Usage: python InVExPreprocess.py [options] <individualSetId> <powerPathsFile>
There are three steps to running the core of InVEx. The first step (Prepare.py) copies and uncompresses all the power files into a single directory in a temporary location. It also prints to stdout the command line arguments for a set of jobs that can be run in parallel (InVEx.py) and a final postprocessing step (Gather.py).
Usage: python Prepare.py <libdir> <numRunsPerJob> [options] <hugoGeneSymbols> <maf> ...

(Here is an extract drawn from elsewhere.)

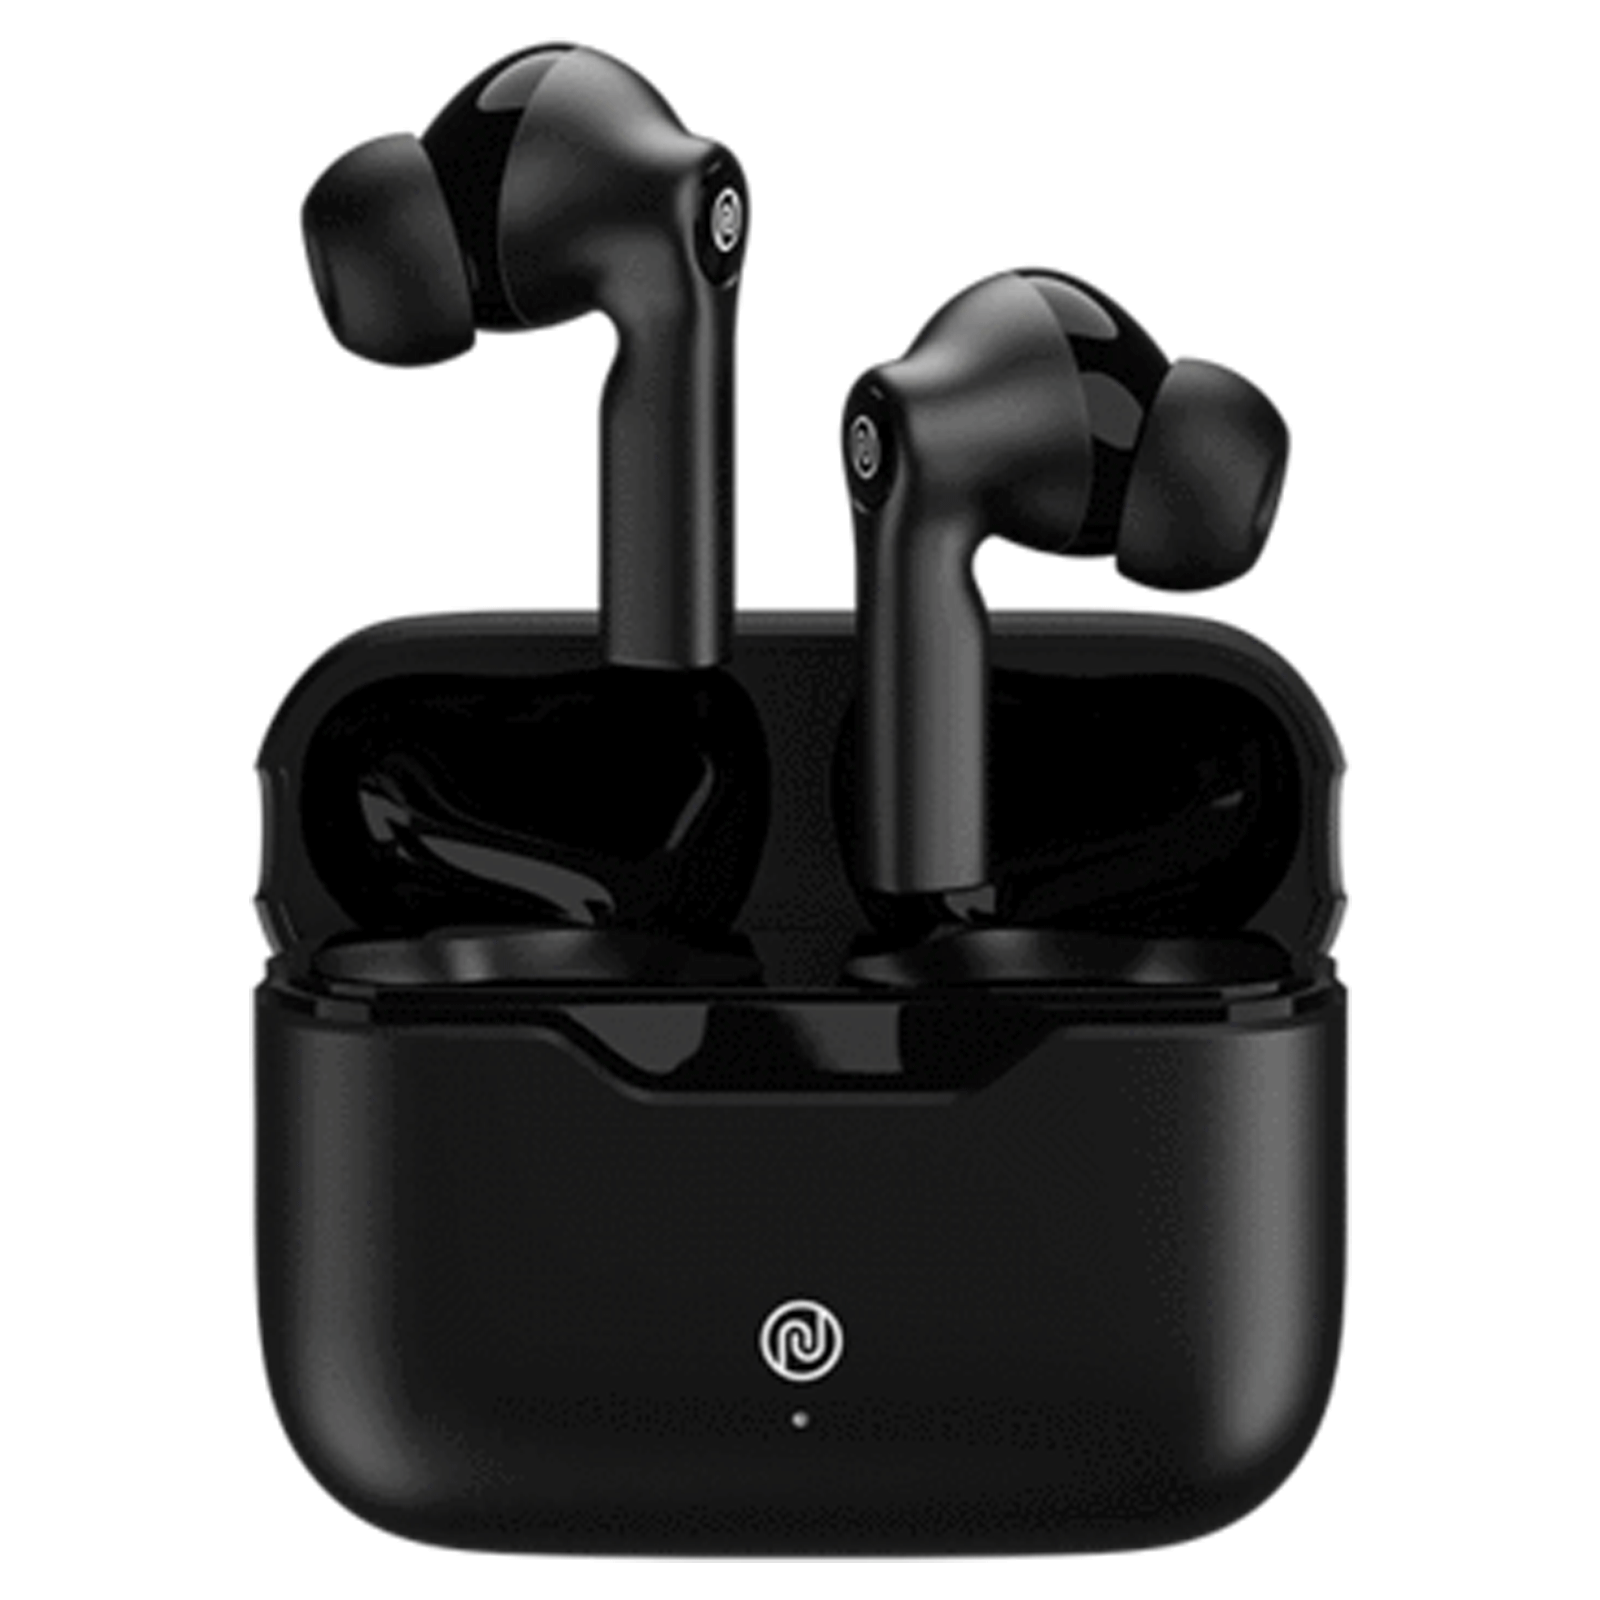 Noise Buds VS103 AUD-HDPHN-BUDSVS10 In-Ear Truly Wireless Earbuds with Mic (Bluetooth 5.0, Hyper Sync Technology, Jet Black)_1
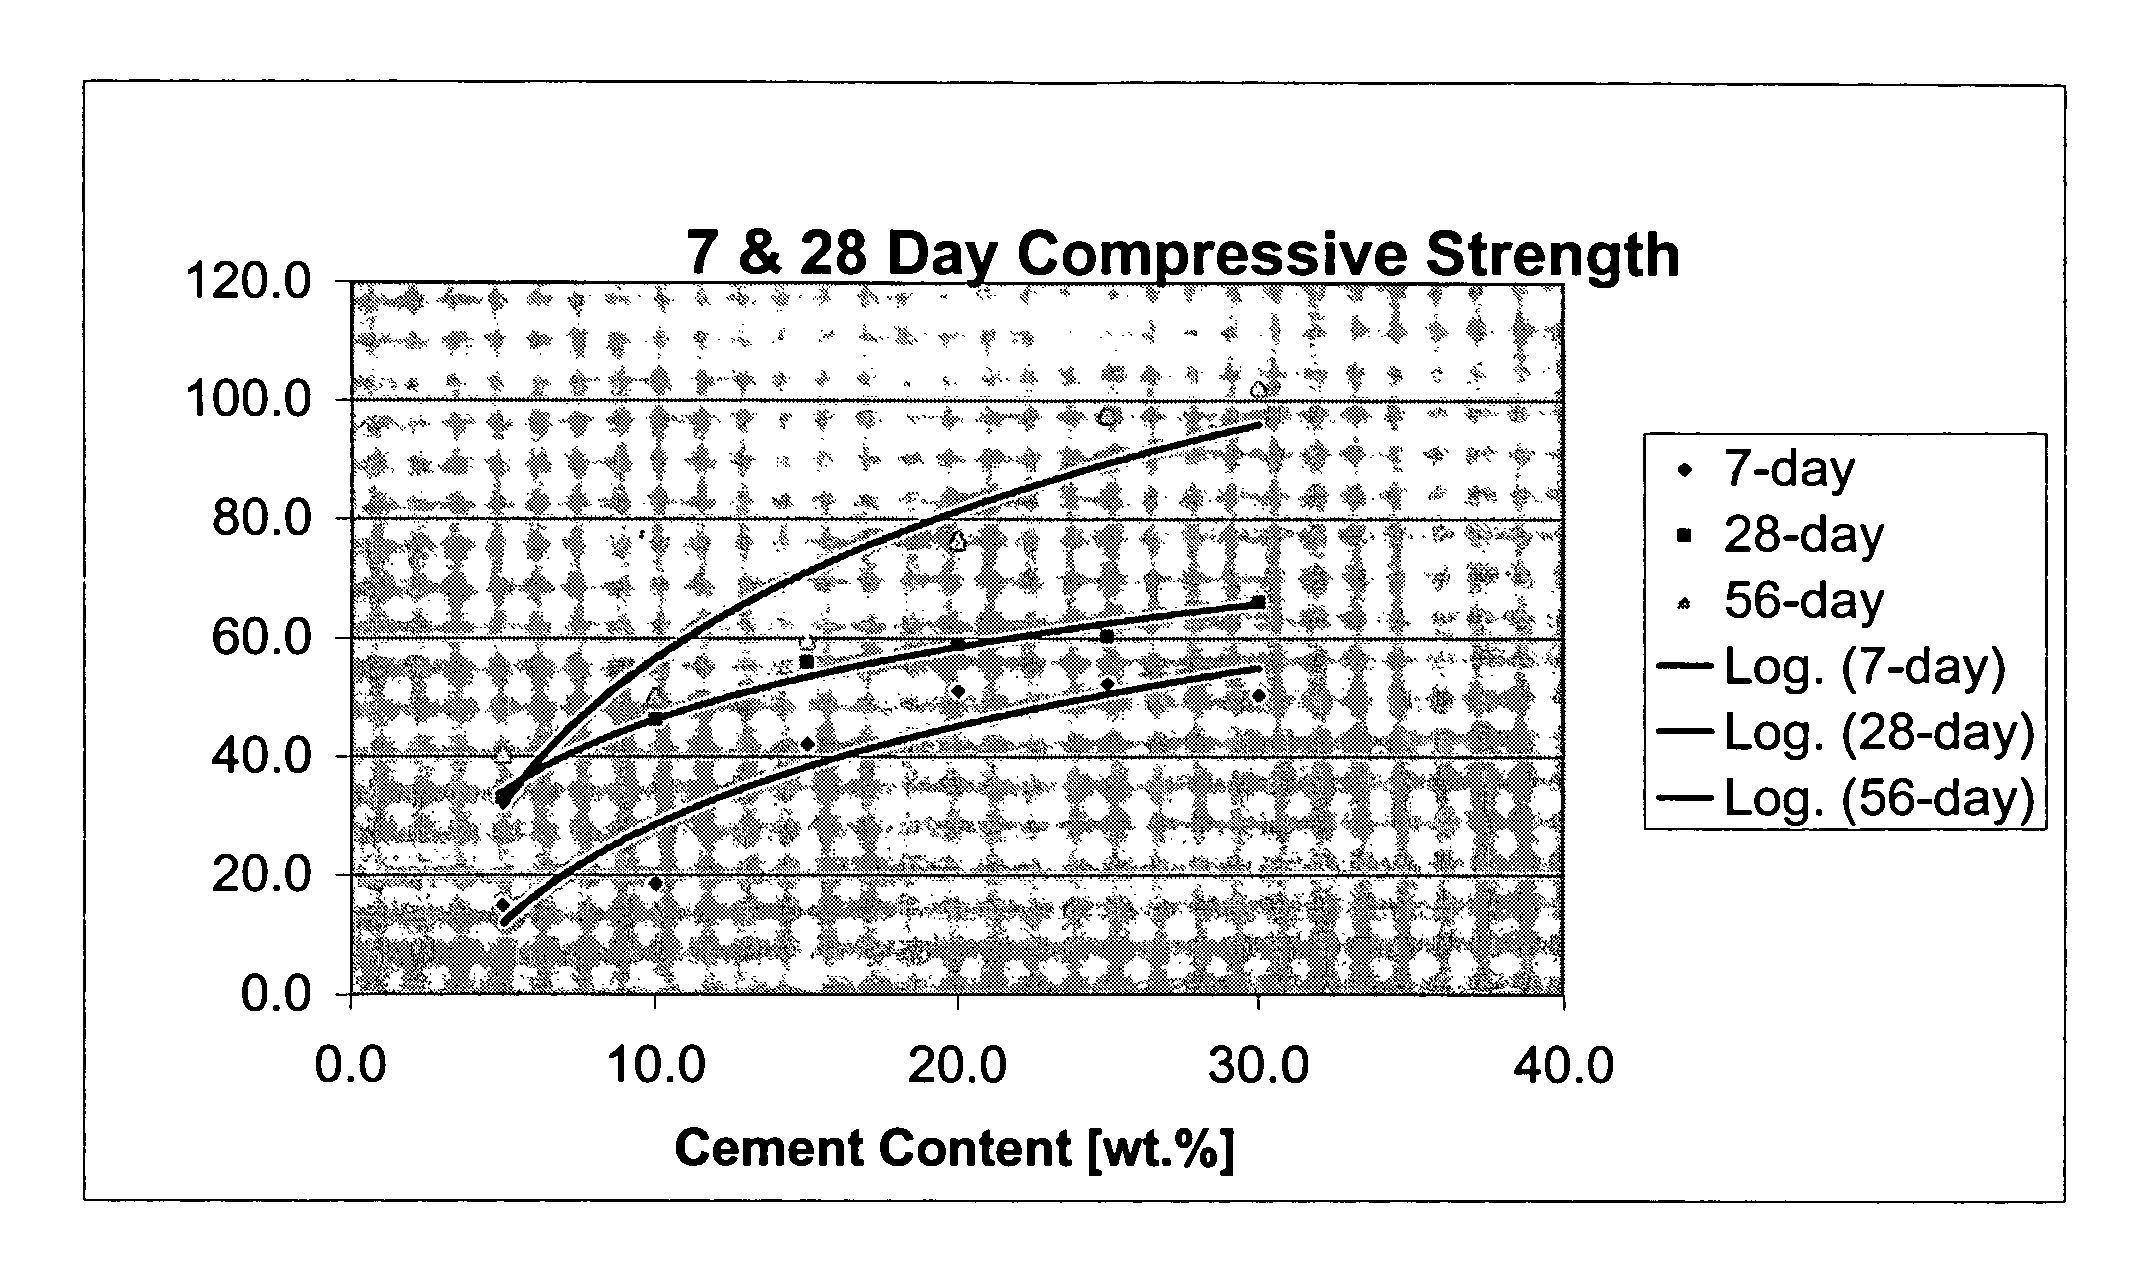 Cementitious composition incorporating high levels of glass aggregate for producing solid surfaces

The Prepare.py stage prints to standard output the command line arguments for the InVEx.py script. The number of individual command lines will be the total number of genes in the <hugoGeneSymbols> file modulus the <numRunsPerJob> plus a final command line for the Gather.py script. These individual command lines are intended (but not required) to be run in parallel. When these jobs are finished, then the Gather.py script should be run.
This is a potentially very long running step (several days for especially big genes). As mentioned above, there may be many scatter jobs to run depending on the <numRunsPerJob> argument prescribed above and the number of genes in your <hugoGeneSymbols> input file. Since the inputs are generated by the Prepare.py step, the usage description is not given here. Scatter's inputs are very similar to those of Prepare.py. One important note is that each scatter job MUST be executed in its own scatter subdirectory named scatter.<jobNumber> where jobNumber should be unique for every Scatter job (e.g. scatter.1, scatter.2, etc.). The Gather step below requires this directory structure so that it can find all the individual scatter jobs results for aggregation.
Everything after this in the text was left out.